How does ethnicity come into play? Dermatologists are well aware of ethnic variation of skin physiology. Darker skin patients are much less likely to develop skin cancers, on the flip side they are more likely to have hyperpigmentation & keloid scarring. Ethnic patients also have a thicker dermal layer that has very little in the way of broken collagen. Sagging is thus a value of lax or stretched collagen (AKA Springs). Hence with heating of the dermis, collagen in ethnics are more likely to contract, providing skin tightening. This is why skin tightening devices are popular in Asian & Middle Eastern countries- because they have a higher (not absolute) chance of working!
So, if one has significant sun damage, is skin tightening an absolute lost cause? No, once again speaking generally, the chances of ‘no downtime’ skin tightening will not live up to your expectations. There are however more predictable ways to tighten skin. The gold standard is a deep plane facelift, followed by a short scar or mini-S-facelift. Nothing comes close in the context of severe laxity. Threads? Yes, barbed threads or conical thread lifting (eg. Silhouette or Mint) can be effective. I am tending to use them less frequently as the results rarely last longer than a year. The newer monofilament MINT (Minimally Invasive Non-Surgical Threads) are better, especially when combined with heating devices.

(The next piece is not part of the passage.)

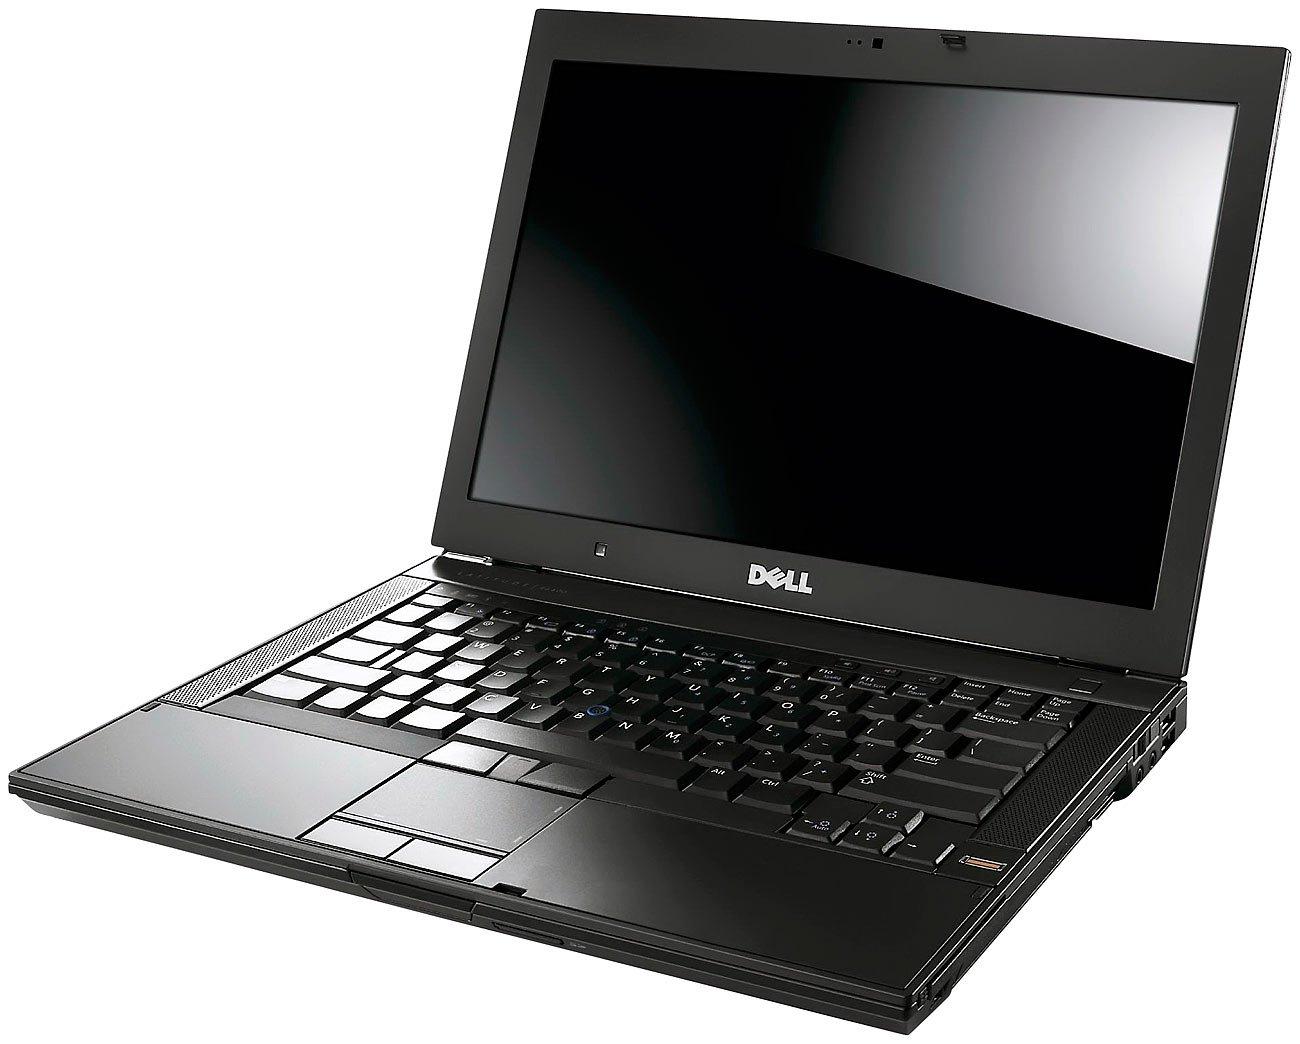 Dell &apos Latitude E6400, 14,1 WXGA +, C2d P8700, 160 GB 4 Go (Reconditionné ) 1WXGA + 160GB 4Go (Reconditionné) Dell Computers

Ablative lasers or deep chemical peels can improve the quality of collagen via a process called neocollagenesis. These treatments ablate & coagulates old elastosis, tightening up coils & forming new ‘springs.’ The downside? Downtime. For predictable results, expect a downtime of at least 8-10 days, depending on the depth of ablation. CO2 lasers have a longer recovery, however they provide more collagen tightening than erbium.
Another treatment that I utilize for skin laxity is off label collagen stimulating fillers, or hyper diluted Radiesse (Calcium Hydroxyl Apatite). This bespoke dermal filler can be mixed with saline & lidocaine, concentration depending on the amount of atrophy, wrinkles, sun damage & location. For patients who have a significant amount of sun damage, I find this method of dermal filling more predictable than with energy devices (Tempsure, Ultherapy, Ulthera, Thermage, Pelleve).